Hi Matt following your new improved instructions I get a specific problem any ideas…?
[quote]2007-07-28 17:57:13.065 mdimport[12927] Import ‘/Users/scooby/Downloads/Books/Computer/O’Reilly – Google Hacks.chm’ type ‘org.mattweber.compiled-html’ using ‘file://localhost/Library/Spotlight/CHM%20Metadata%20Importer.mdimporter/’
/Library/Spotlight/CHM Metadata Importer.mdimporter/Contents/SharedSupport/chm/chmlib.py:4: RuntimeWarning: Python C API version mismatch for module _chmlib: This Python has API version 1012, module _chmlib has version 1013.
import _chmlib
/Library/Spotlight/CHM Metadata Importer.mdimporter/Contents/SharedSupport/chm/chm.py:34: RuntimeWarning: Python C API version mismatch for module extra: This Python has API version 1012, module extra has version 1013.
import extra
CHM Metadata Importer could not process file “/Users/scooby/Downloads/Books/Computer/O’Reilly – Google Hacks.chm”[/quote]
This is with Python 2.5.1 and chmlib 0.39 also tried 0.38 to see if that fixed it but no!! ;-(.
Python 2.5
Here is my problem:
Something about Python has API version 1012, module _chmlib has version 1013.

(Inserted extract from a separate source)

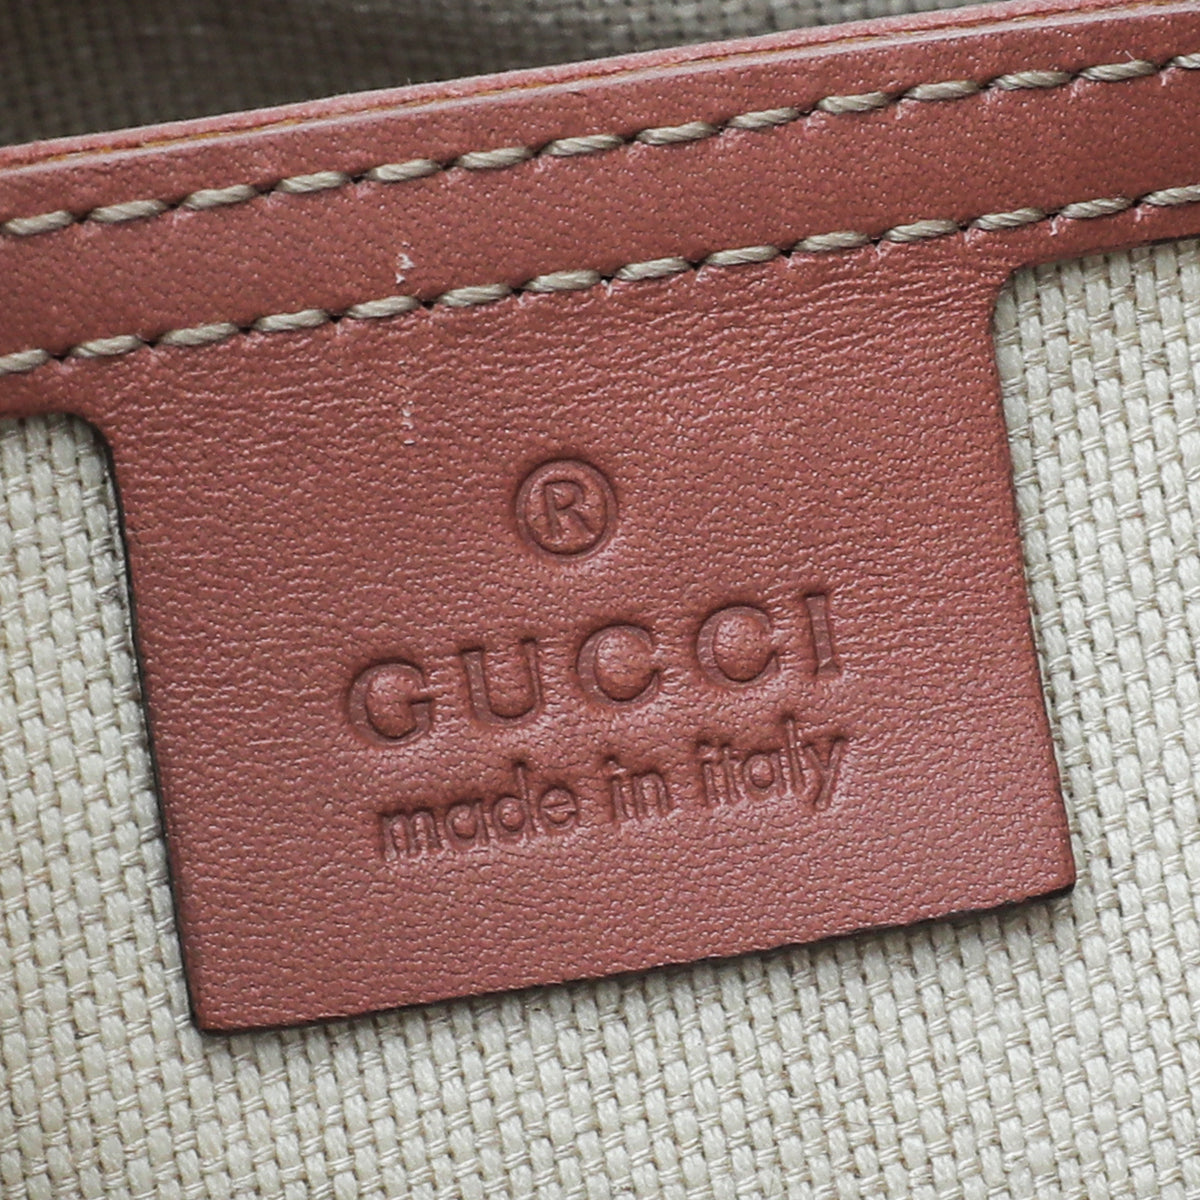 Gucci Bicolor GG Star Flat Messenger Bag

$ mdimport -nf file-to-import.chm sendmail Cookbook (2003).chm
/Library/Spotlight/CHM Metadata Importer.mdimporter/Contents/SharedSupport/chm/chmlib.py:4: RuntimeWarning: Python C API version mismatch for module _chmlib: This Python has API version 1012, module _chmlib has version 1013.
import _chmlib
/Library/Spotlight/CHM Metadata Importer.mdimporter/Contents/SharedSupport/chm/chm.py:34: RuntimeWarning: Python C API version mismatch for module extra: This Python has API version 1012, module extra has version 1013.
import extra
CHM Metadata Importer could not process file “/Users/noel/Desktop/books/Over 1100 General Computer Ebooks/sendmail Cookbook (2003).chm”
Thanks for the heads up guys. I will take a look into this problem as soon as I get a chance. I have just got a new job so I have been extremely busy. Have you tried running this with a python version prior to 5.1?
Thanks again and sorry for the problems,
Matt Weber
Yup also tried with python version 2.4. Same error
Maybe I’ll look at the source, if I find any solution I let you know.
Noel, that’s the same prob. at this end. Any ideas appreciated guys!. Seem to be collecting quite a of these pesky chm books.
.
3 Tools for fixing all of your CHM EBook issues with OSX Tiger or Leopard.
CHMporter
This is a spotlight plug in which adds the contents of your CHM files.
CHMox
A CHM file viewer
quickCHM
A CHM quick look plug in for viewing those EBooks with Cover View.